The importance of framing

October 10, 2013 1 comment

In the lead-up to the 2010 UK general election, many civil libertarians of my acquaintance (not solely Screaming Loony Privatise The Army Libertarians, but people of all economic stripes who believe that broadly, trials are a good thing and torture is a bad thing) were suggesting that for all a putative Tory government’s likely failings, at least it would be better than Labour at upholding civil liberties.

Backbench hanger-and-flogger David Davis’s ridiculous stunt over ID cards was the declaration of intent that this particular mob saw, although one might have thought that the ongoing chorus of ‘Abolish The Human Rights Act’ from the Tory backbenches was a more accurate signal of things to come.

Which brings us to today. In one day, the Tories have pledged to impose de facto ID cards by requiring certified ID for almost all aspects of daily life, and impose draconian restrictions on people who’ve never been convicted of a crime on the say-so of the police.

Even civil libertarians surely can’t have expected the Tories to be better on abortion than Labour (which, curiously, didn’t seem to matter quite so much to this largely male grouping when making decisions before the election. Mysterious). Even so, the sight of government ministers denouncing the Director of Public Prosecutions for upholding the existing law on abortion and allowing a woman to choose to terminate her pregnancy, whilst floating a change in the law that would restrict this right, is even worse than might reasonably have been expected.

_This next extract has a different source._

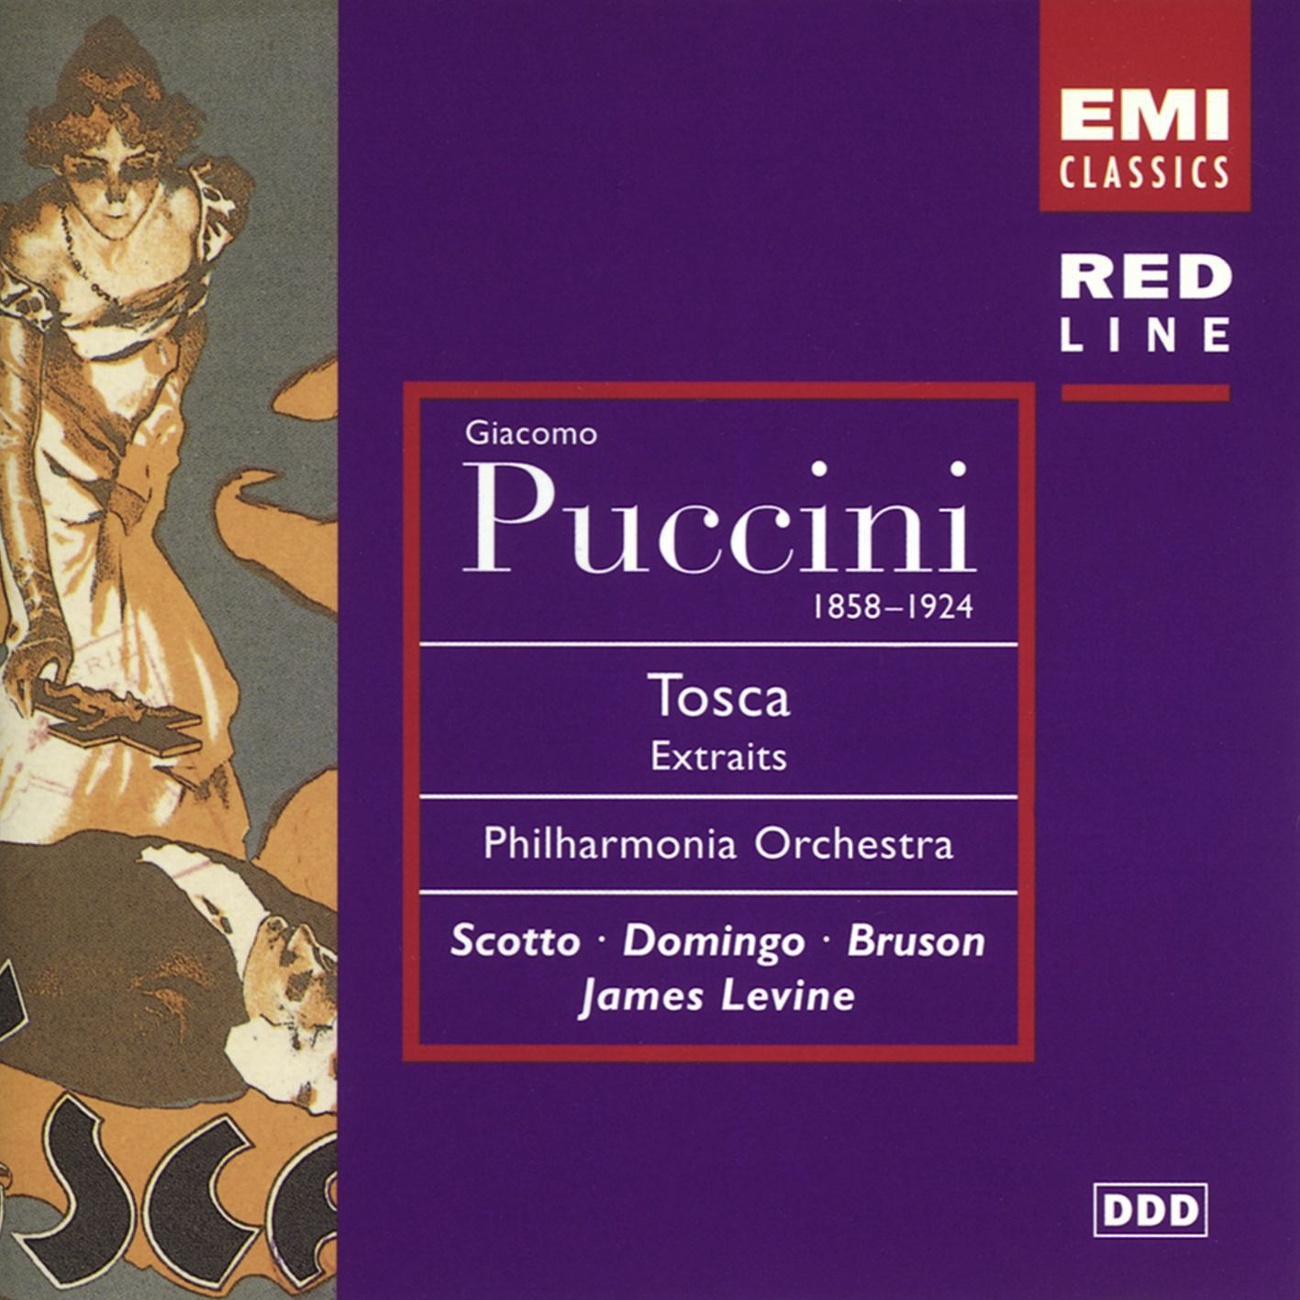 Tosca - Opera in three acts (1997 Digital Remaster), Act I: Dammi i colori...Recondita armonia (Cavaradossi, Sacristan)

In terms of policy, much of this reflects the fact that the party in government is always the party permanently having its ears bent by authoritarian bureaucrats and cops. But it also reflects the fact that the Tories aren’t and never were the free-trade, classical-liberal party that Labour-hating libertarians imagine them to be (that was the Whigs; Tories were always authoritarian reactionaries). Basically, civil liberties fans who cheered the Tories, you were stupid last time; don’t be so stupid next time.

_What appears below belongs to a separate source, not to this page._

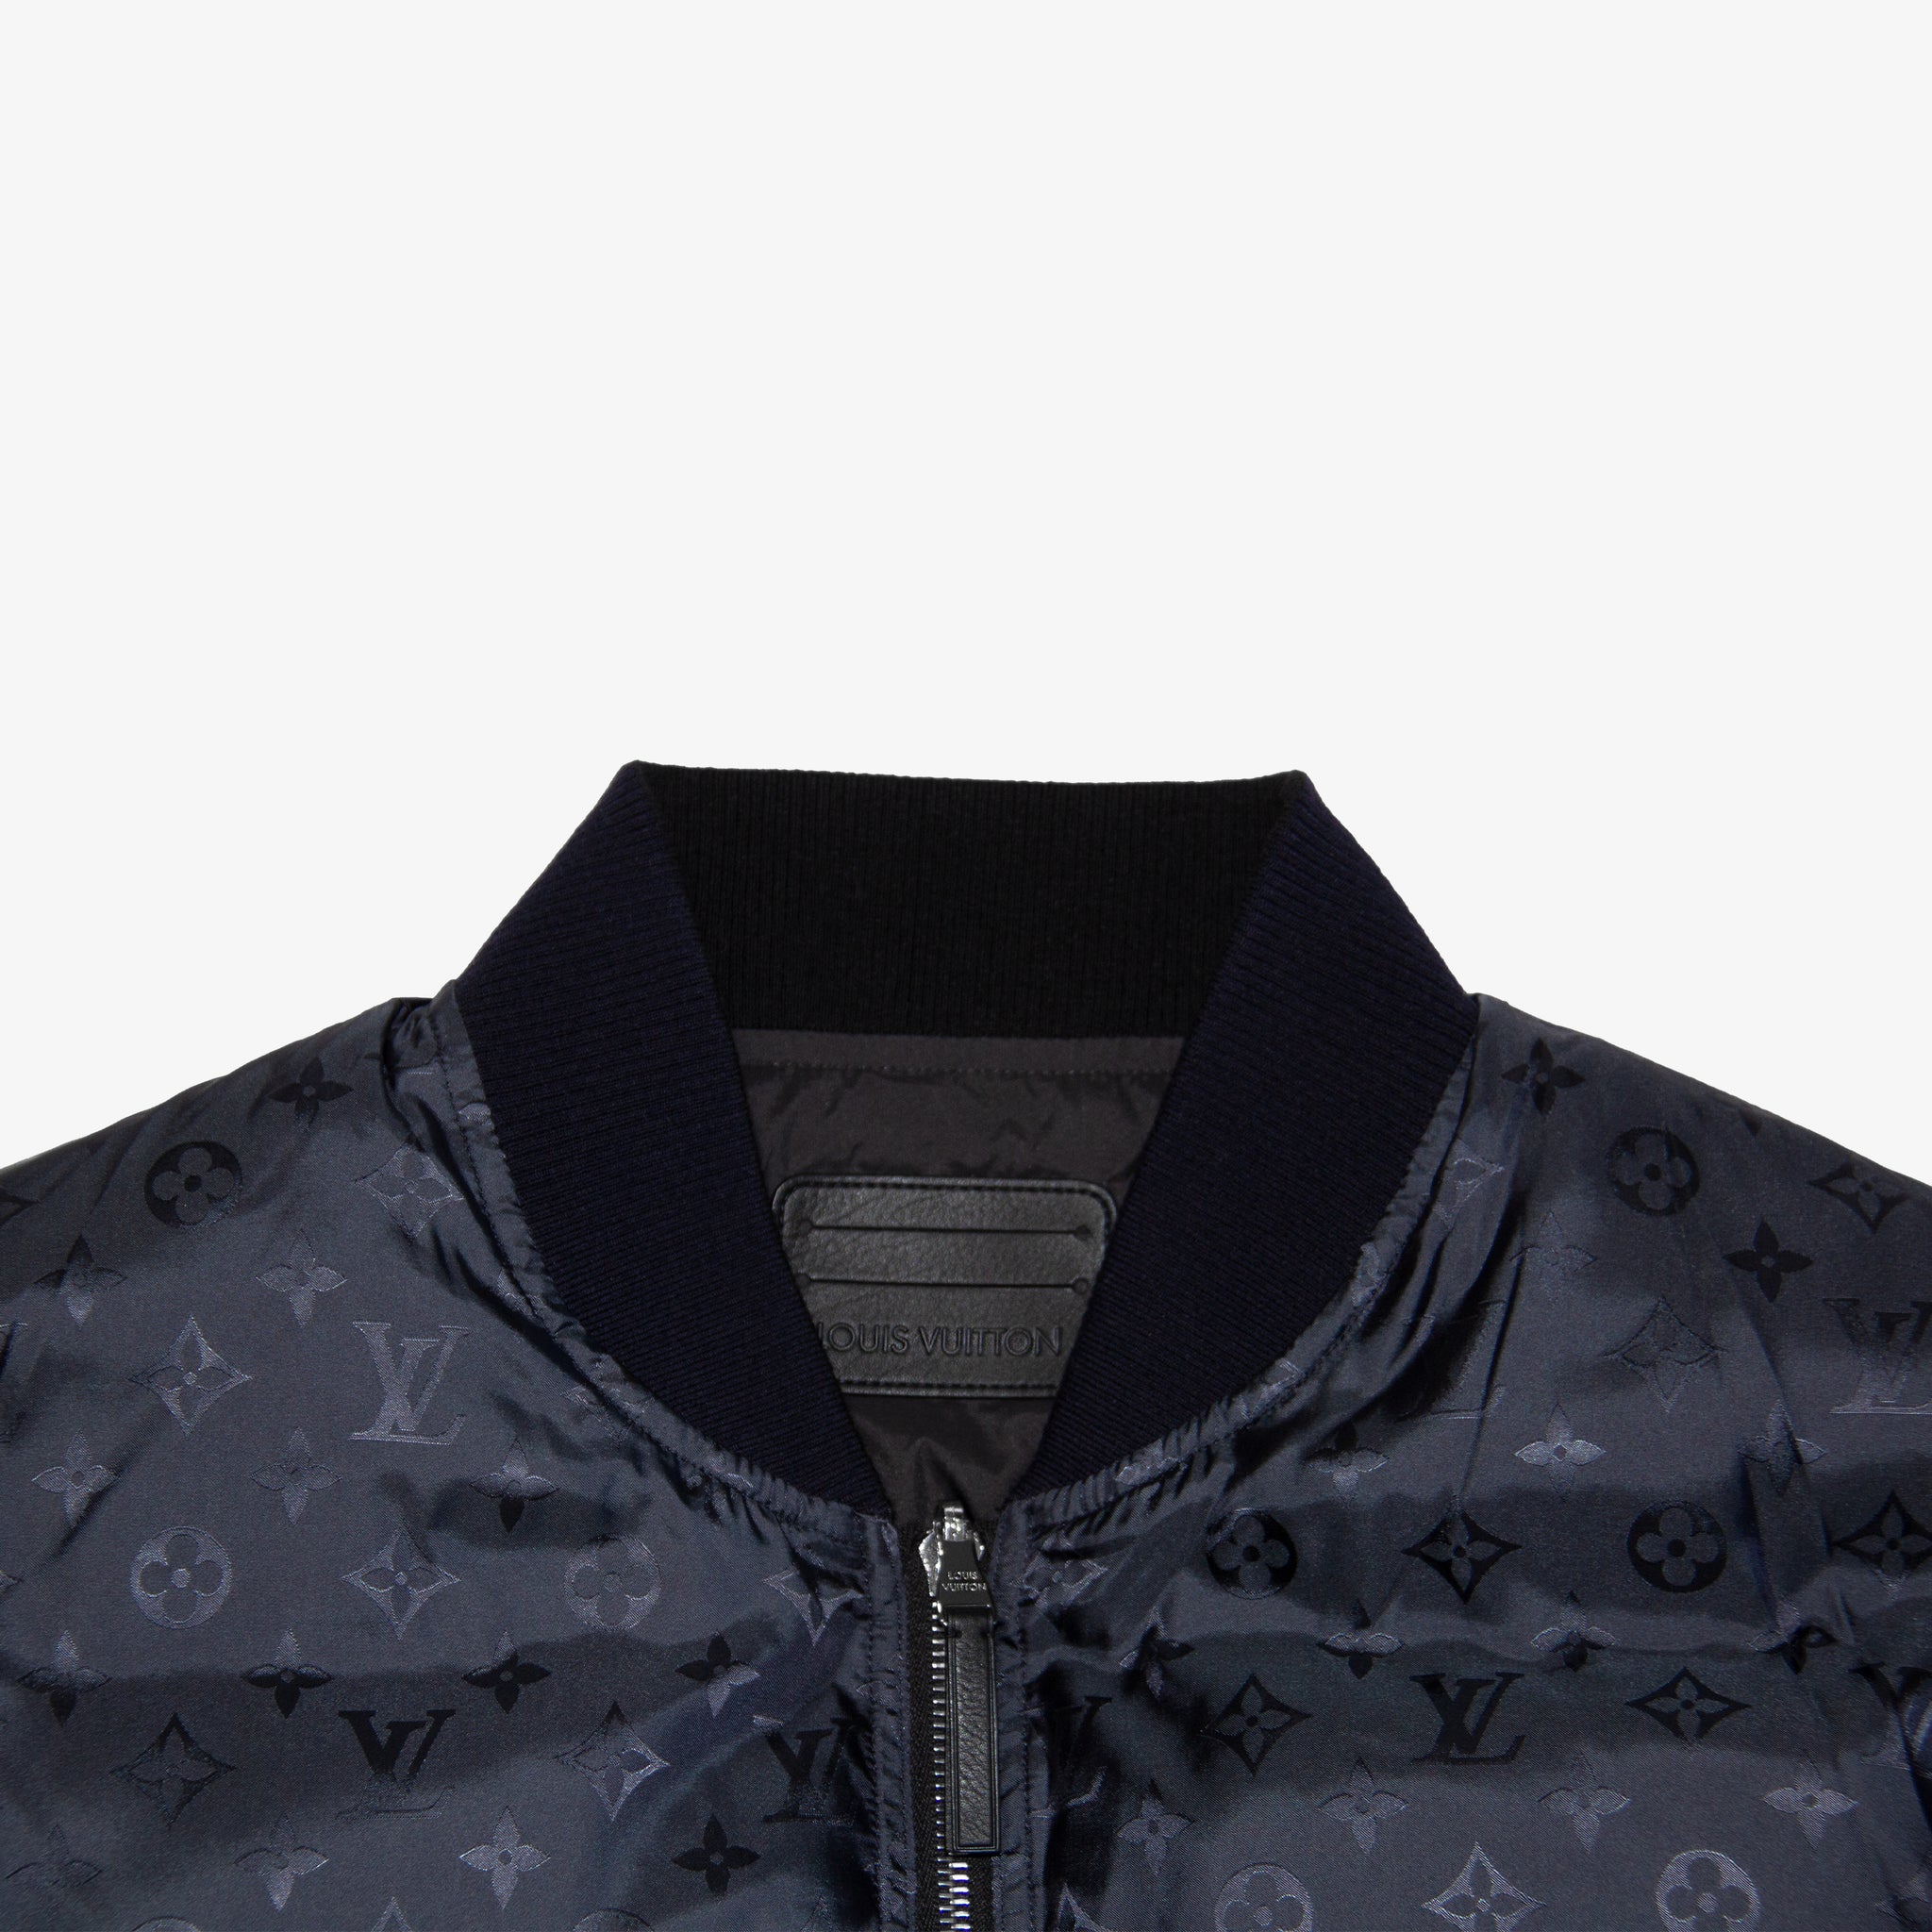 Louis Vuitton Reversible Monogram Windbreaker Jacket Size Large /EU 54

The really impressive thing, though, is the framing, which goes even beyond Mr Blair’s skills. For a government that frequently seems to teeter on the edge of losing control, the way in which all three of these horrific policies have been phrased is sheer PR gold. Compulsory ID For All has been expressed as “OMG stop illegal migrants from taking your jobs!!!”; Minority Report has been expressed as “OMG stop Jimmy Savile and save the childrens!!!”; and Bollocks To Abortion Rights has been expressed as “OMG something something China!!!”. Superbly designed to pull at the heartstrings of the average total fucking idiot. Hopefully, still not quite enough to avoid losing the next election…

Unsurprisingly, the Daily Mail has glittering coverage of all three.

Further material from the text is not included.